Breaking Neural Network Scaling Laws with Modularity

Authors: Akhilan Boopathy, Sunshine Jiang, William Yue, Jaedong Hwang, Abhiram Iyer, Ila Fiete

ICLR 2025 | Venue PDF | Archive PDF | Plain Text | LLM Run Details

Reproducibility Variable Result LLM Response
Research Type Experimental We empirically validate our theoretical model on a novel parametrically controllable sine wave regression task and show that sample complexity varies exponentially with task dimension. We empirically validate the improved generalizability (both inand out-of-distribution) of our modular learning approach on parametrically controllable, high-dimensional tasks: sine-wave regression and Compositional CIFAR-10.
Researcher Affiliation Academia Akhilan Boopathy, Sunshine Jiang, William Yue, Jaedong Hwang, Abhiram Iyer, Ila Fiete Massachusetts Institute of Technology EMAIL
Pseudocode Yes Alg 1 shows the full procedure to find a single module projection ˆUi; each step of the algorithm simply applies gradient on Eqn 17 with respect to ˆUi. We repeat this procedure K times with different random initializations to find the initial values of all K module projections in our architecture. Then, we train all module parameters (including the ˆUi) via gradient descent on the task loss.
Open Source Code No The paper does not provide concrete access to source code for the methodology described. It does not contain a repository link, an explicit code release statement, or code in supplementary materials.
Open Datasets Yes We conduct experiments on a Compositional CIFAR-10 dataset inspired by the Compositional MNIST dataset of (Jarvis et al., 2023). In the task, combinations of k CIFAR-10 images are concatenated together and the model is asked to predict the class of all component images simultaneously.
Dataset Splits Yes A training dataset is generated by first drawing n training samples x from a mean-zero Gaussian: x N(0, I). Then, for each x, the regression target y(x) is computed. The test dataset is constructed analogously. ... We use a fixed training set size of 10^6; thus, the probability of a test set point having the same class permutation as a training set point is at most 10^6 / 10^k.
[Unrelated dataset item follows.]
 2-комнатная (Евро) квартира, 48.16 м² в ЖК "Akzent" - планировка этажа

For large k, we expect each test set point to test a class permutation unobserved in the training set. We use a test set of size 10000.
Hardware Specification No Experiments are run on a computing cluster with GPUs ranging in memory size from 11 GB to 80 GB.
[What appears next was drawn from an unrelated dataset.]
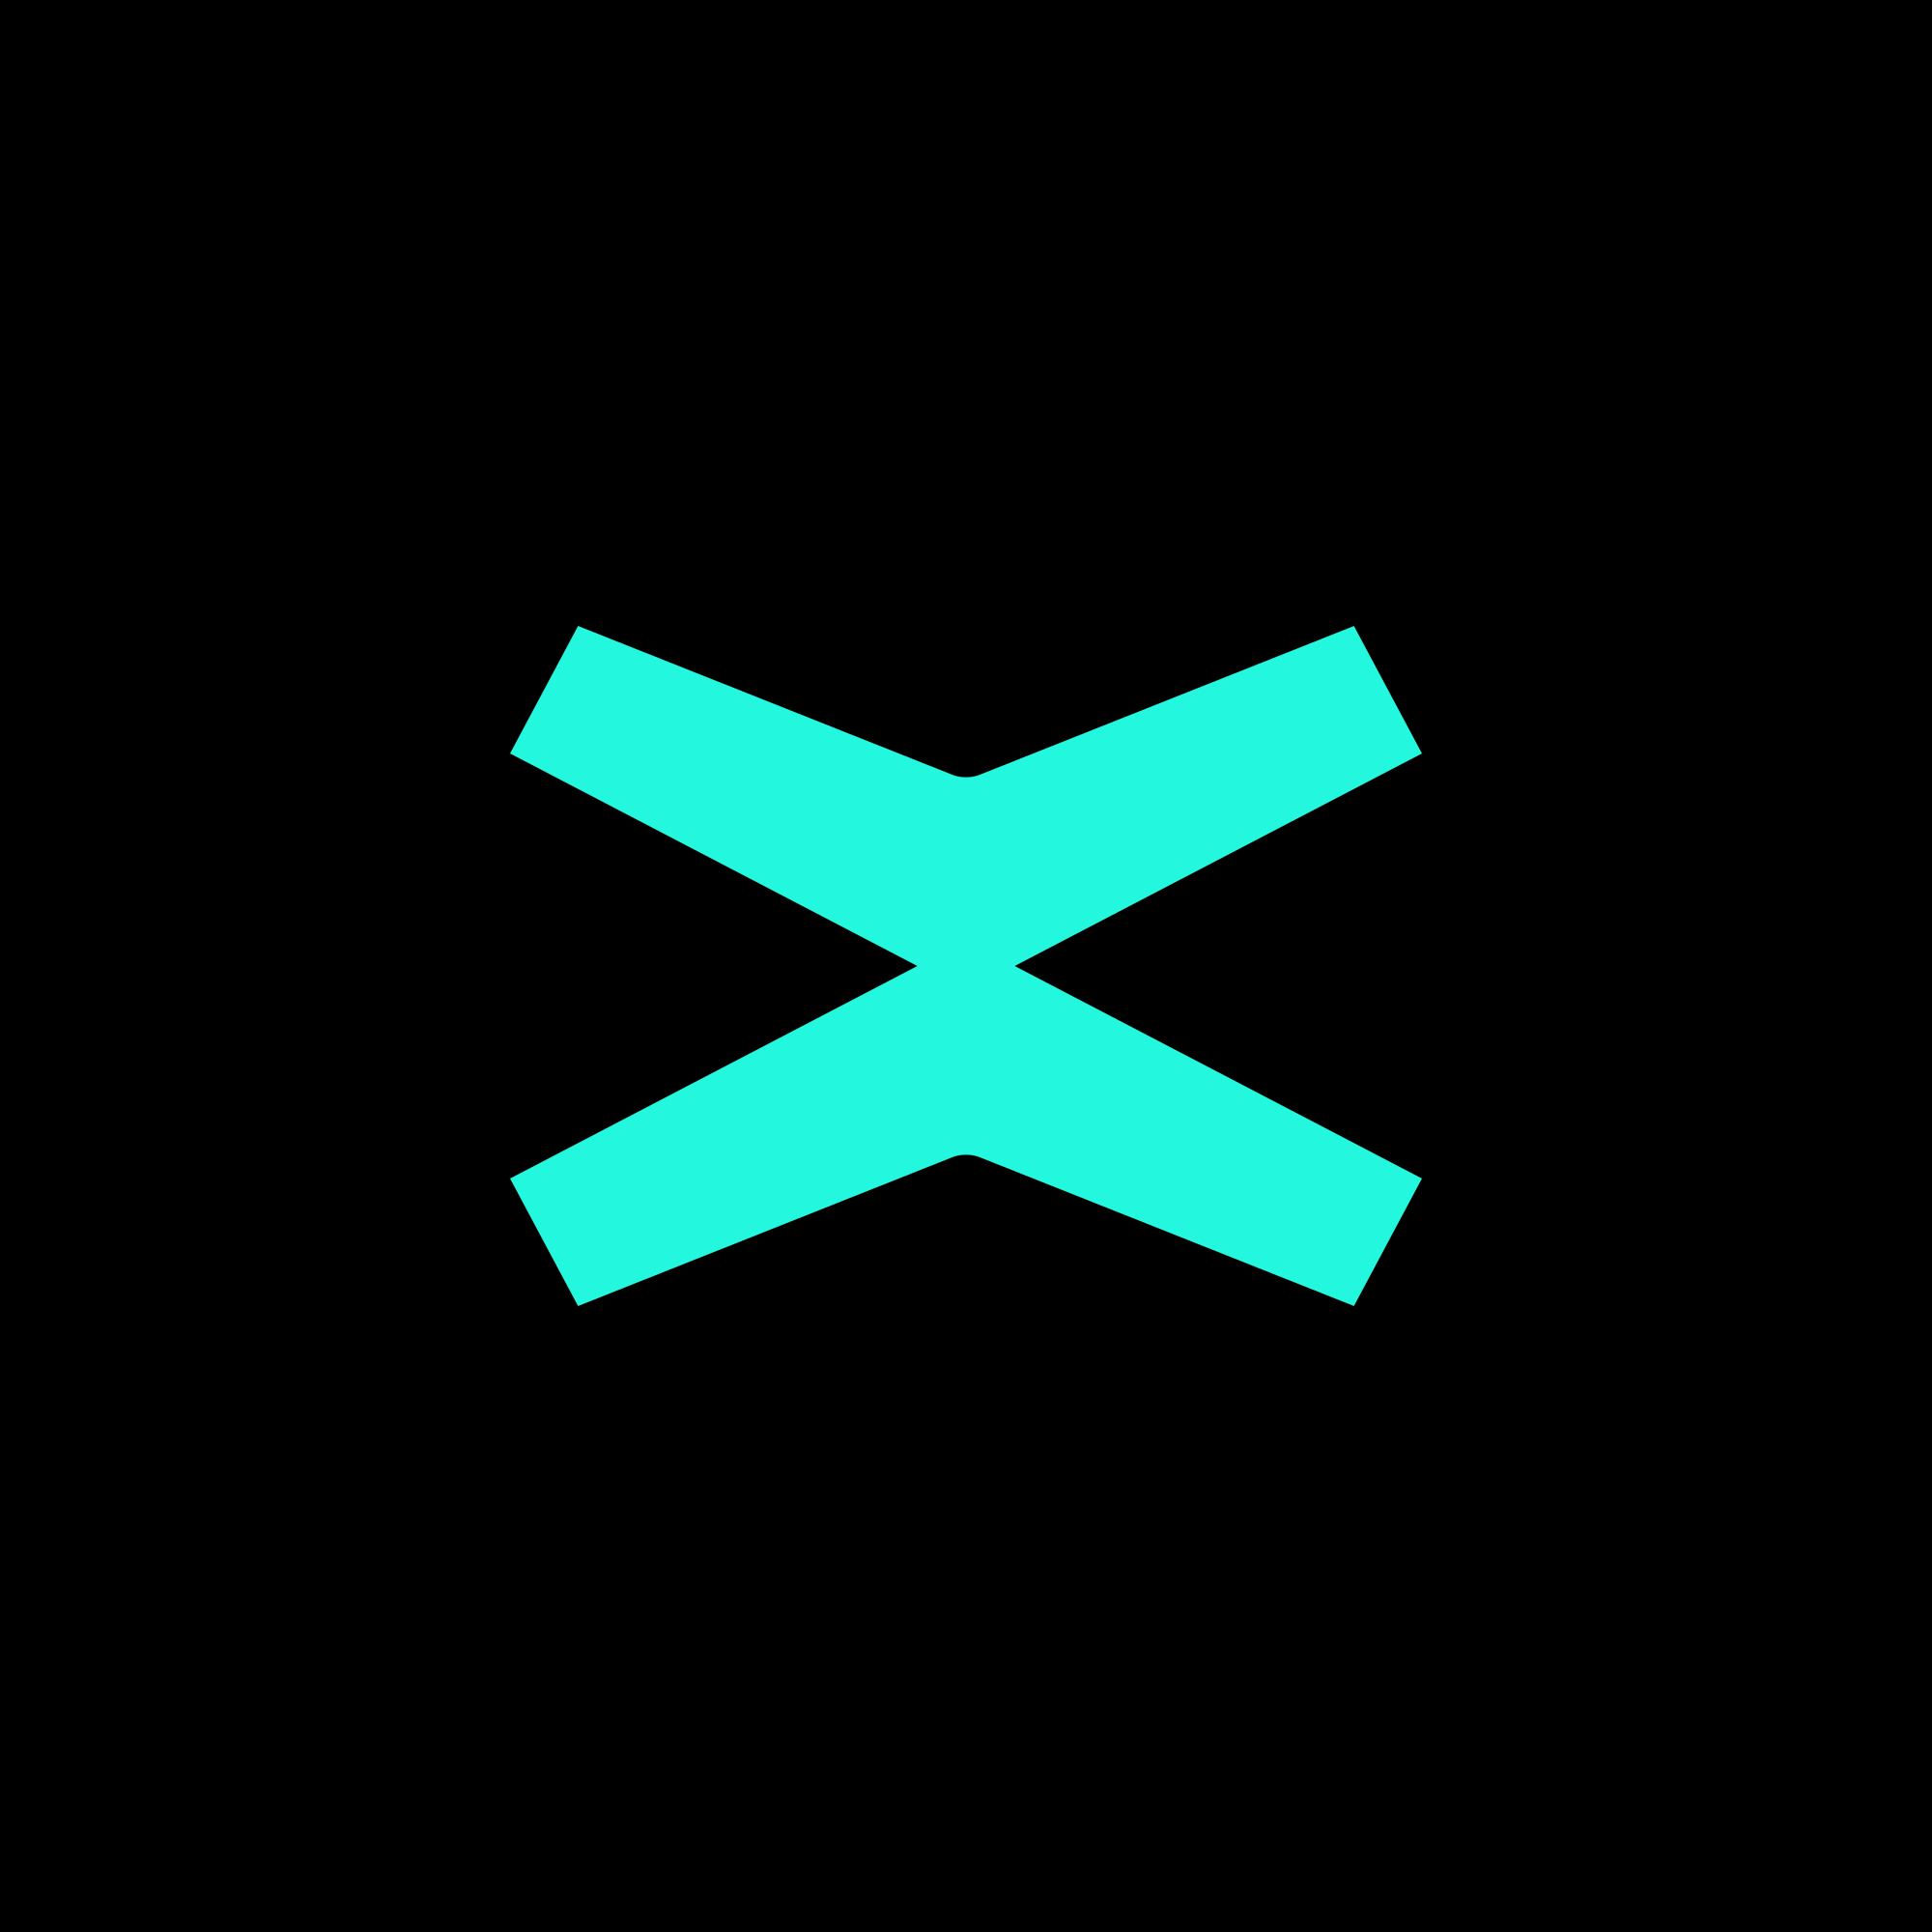 MultiversX logo

Software Dependencies No Networks are trained using Adam (Kingma & Ba, 2015) to minimize a mean squared error loss. ... In our experiments, all neural networks are fully connected and use Re LU activations except at the final layer.
Experiment Setup Yes Architecture and hyperparameter settings: sine wave regression In our experiments, all neural networks are fully connected and use Re LU activations except at the final layer. We do not use additional operations in the network such as batch normalization. Networks are trained using Adam (Kingma & Ba, 2015) to minimize a mean squared error loss. We perform a sweep over learning rates in {0.001, 0.01, 0.1} and find that the learning rate of 0.01 performs best in general over all experiments... All networks are trained for 10000 iterations... The network architectures are varied as follows: the width of the hidden layers is selected from {8, 32, 128}, and the number of layers is selected from {3, 5, 7}.